KMI and EP, and their respective directors and executive officers, may be deemed to be participants in the solicitation of proxies in respect of the proposed transactions contemplated by the merger agreement. Information regarding KMI’s directors and executive officers is contained in KMI’s Form 10-K for the year ended December 31, 2010, which has been filed with the SEC. Information regarding EP’s directors and executive officers is contained in EP’s Form 10-K for the year ended December 31, 2010, and its proxy statement dated March 29, 2011, which are filed with the SEC. A more complete description will be available in the Registration Statement and the Information Statement/Proxy Statement/Prospectus.

SAFE HARBOR FOR FORWARD-LOOKING STATEMENTS

Statements in this document regarding the proposed transaction between KMI and EP, the expected timetable for completing the proposed transaction, future financial and operating results, benefits and synergies of the proposed transaction, future opportunities for the combined company, the sale of EP’s exploration and production assets, the possible drop-down of assets and any other statements about KMI or EP managements’ future expectations, beliefs, goals, plans or prospects constitute forward looking statements within the meaning of the Private Securities Litigation Reform Act of 1995. Any statements that are not statements of historical fact (including statements containing the words “believes,” “plans,” “anticipates,” “expects,” estimates and similar expressions) should also be considered to be forward looking statements.
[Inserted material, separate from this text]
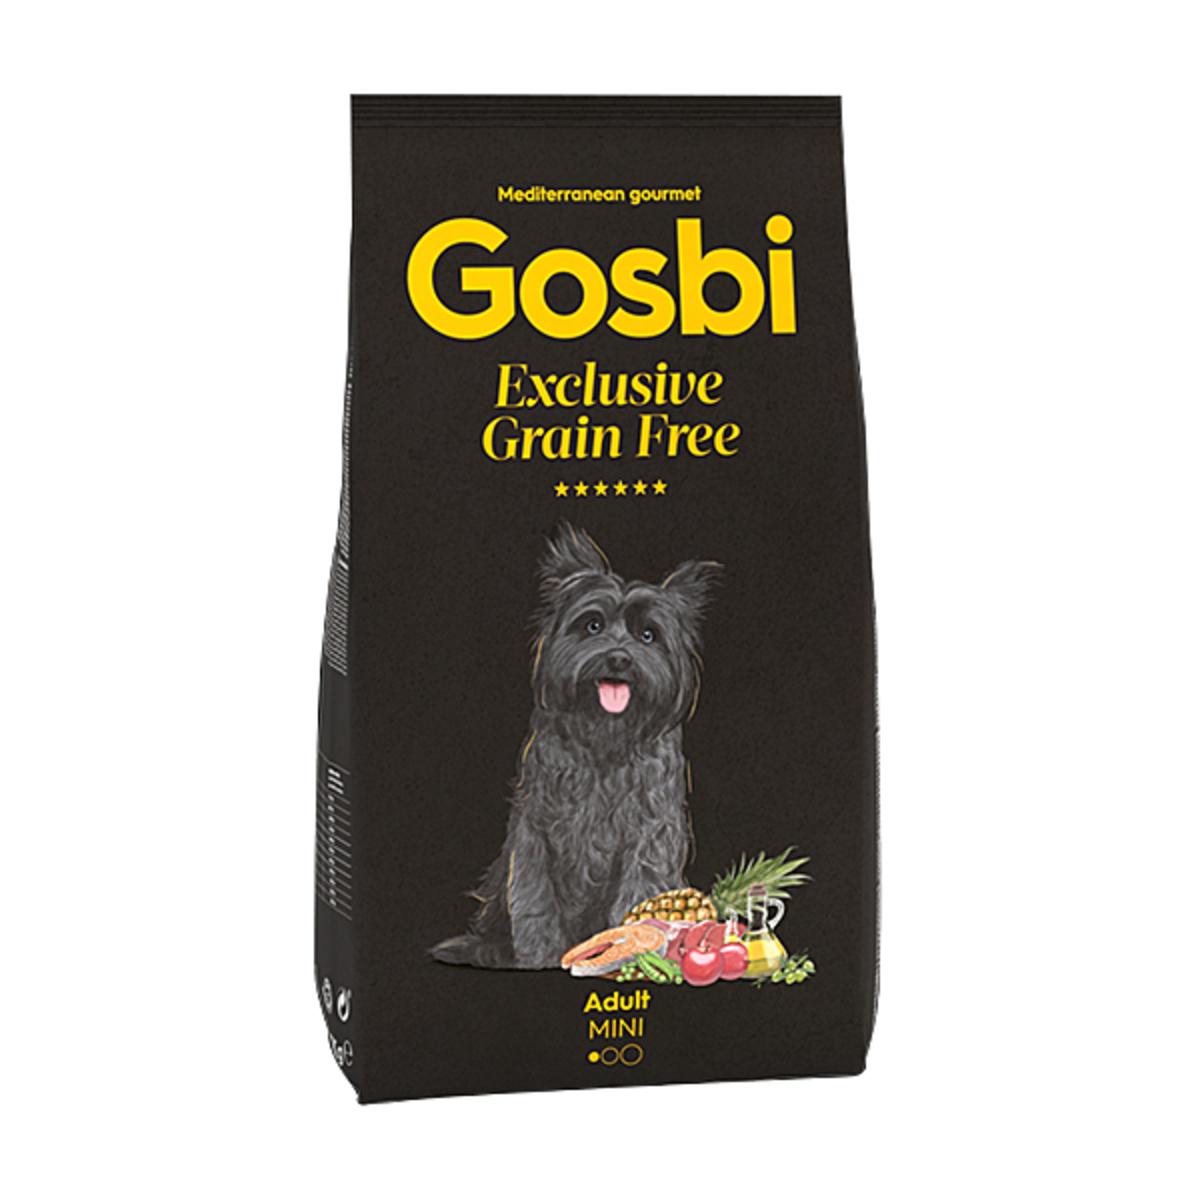 Exclusive Grain Free Adult Mini - 2kg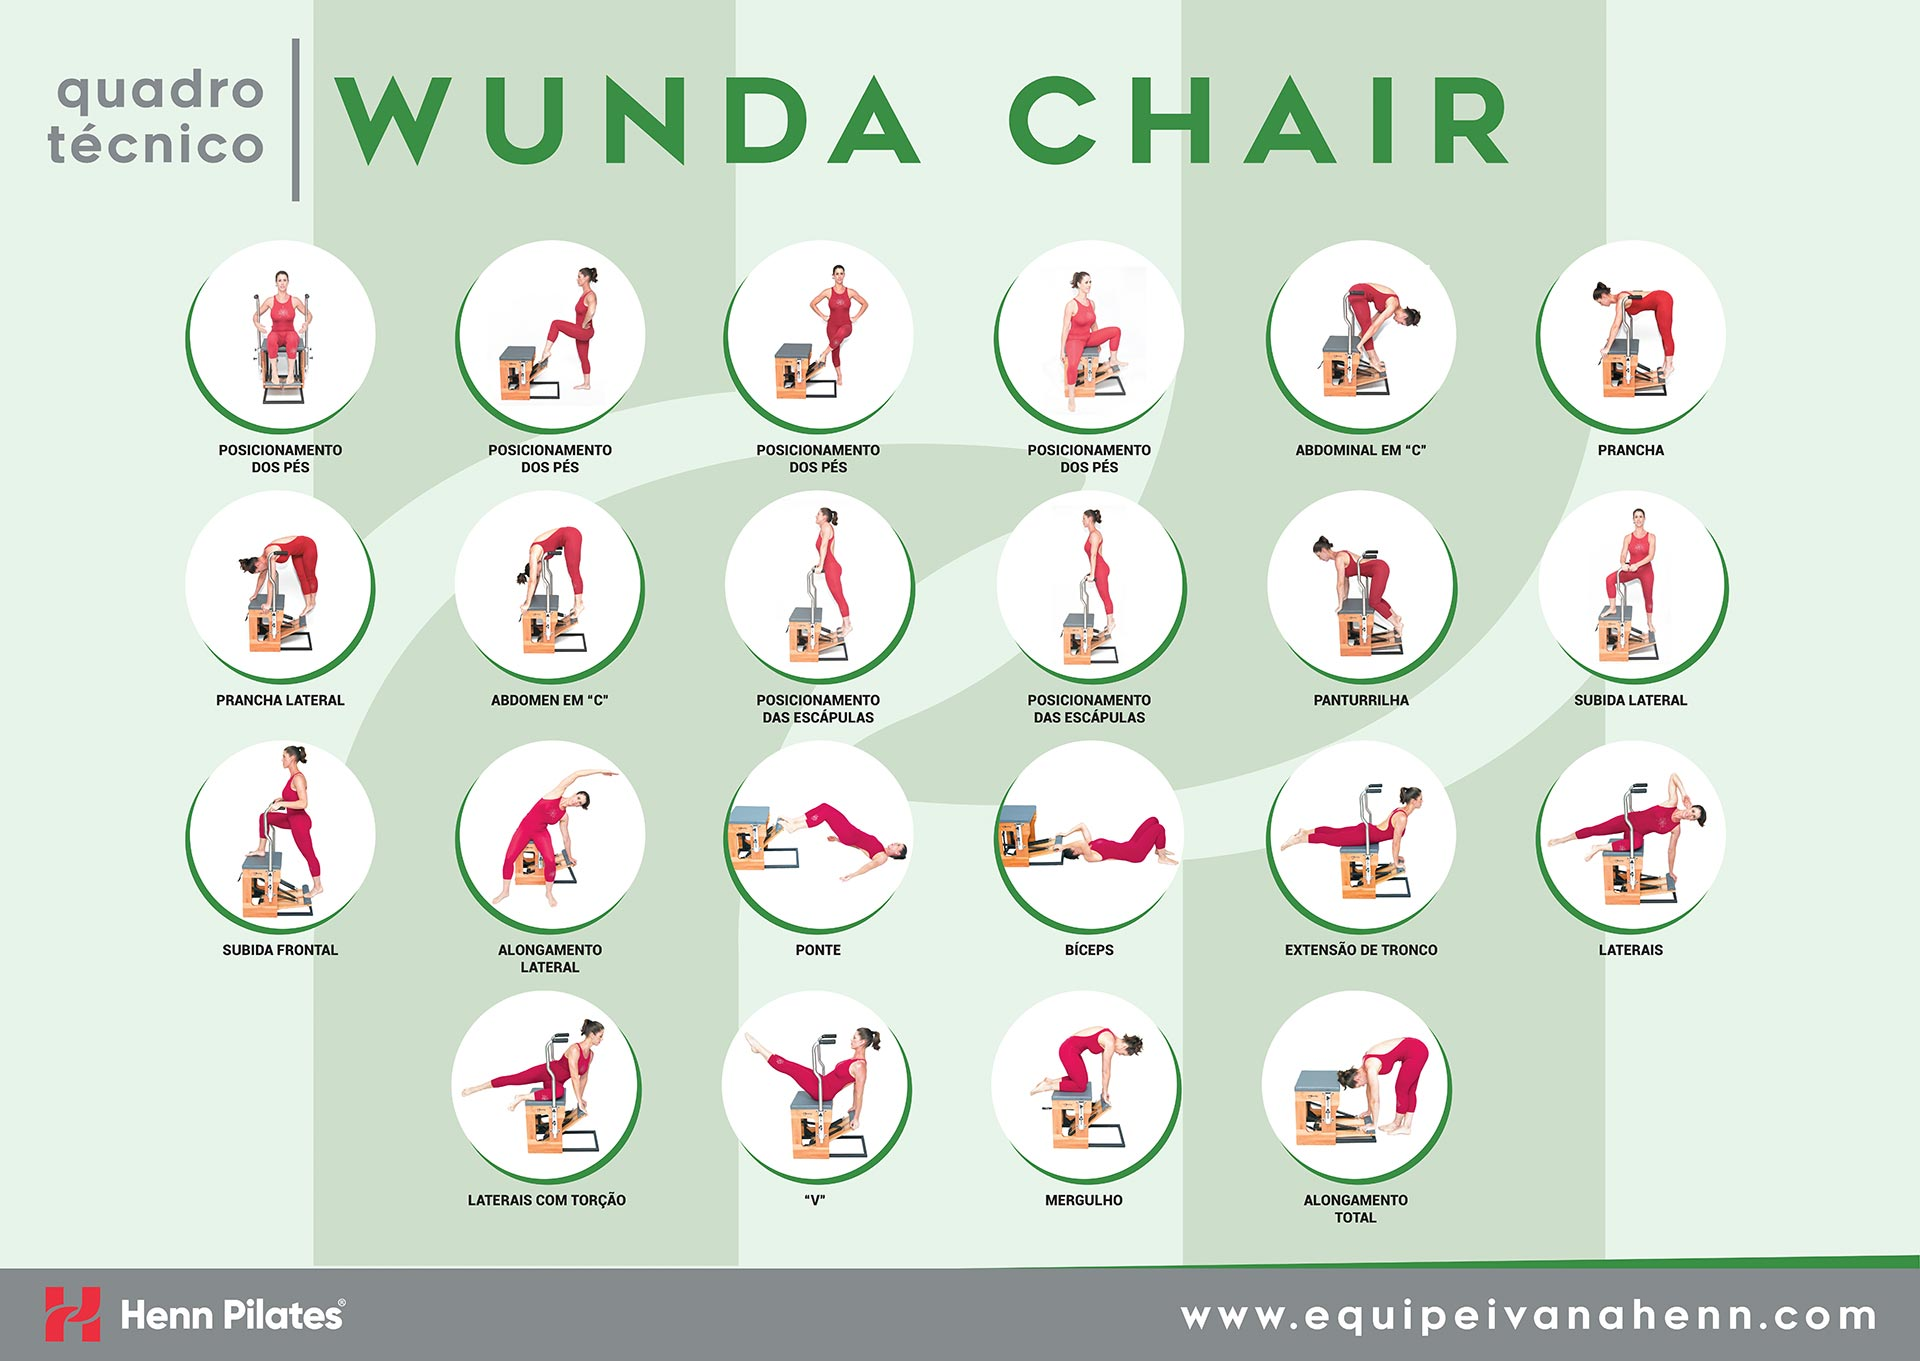 Quadro Técnico Wunda Chair

There are a number of important factors that could cause actual results or events to differ materially from those indicated by such forward looking statements, including: the ability to consummate the proposed transaction; the ability to obtain the requisite regulatory, shareholder approvals and the satisfaction of other conditions to consummation of the transaction; the possibility that financing might not be available on the terms committed; the ability to consummate contemplated asset sales; the ability of KMI to successfully integrate EP’s operations and employees; the ability to realize anticipated synergies and cost savings; the potential impact of announcement of the transaction or consummation of the transaction on relationships, including with employees, suppliers, customers and competitors; the ability to achieve revenue growth; national, international, regional and local economic, competitive and


regulatory conditions and developments; technological developments; capital and credit markets conditions; inflation rates; interest rates; the political and economic stability of oil producing nations; energy markets, including changes in the price of certain commodities; weather conditions; environmental conditions; business and regulatory or legal decisions; the pace of deregulation of retail natural gas and electricity and certain agricultural products; the timing and success of business development efforts; terrorism; and the other factors described in KMI’s and EP’s Annual Reports on Form 10-K for the year ended December 31, 2010, and their most recent quarterly reports filed with the SEC. KMI and EP disclaim any intention or obligation to update any forward looking statements as a result of developments occurring after the date of this document.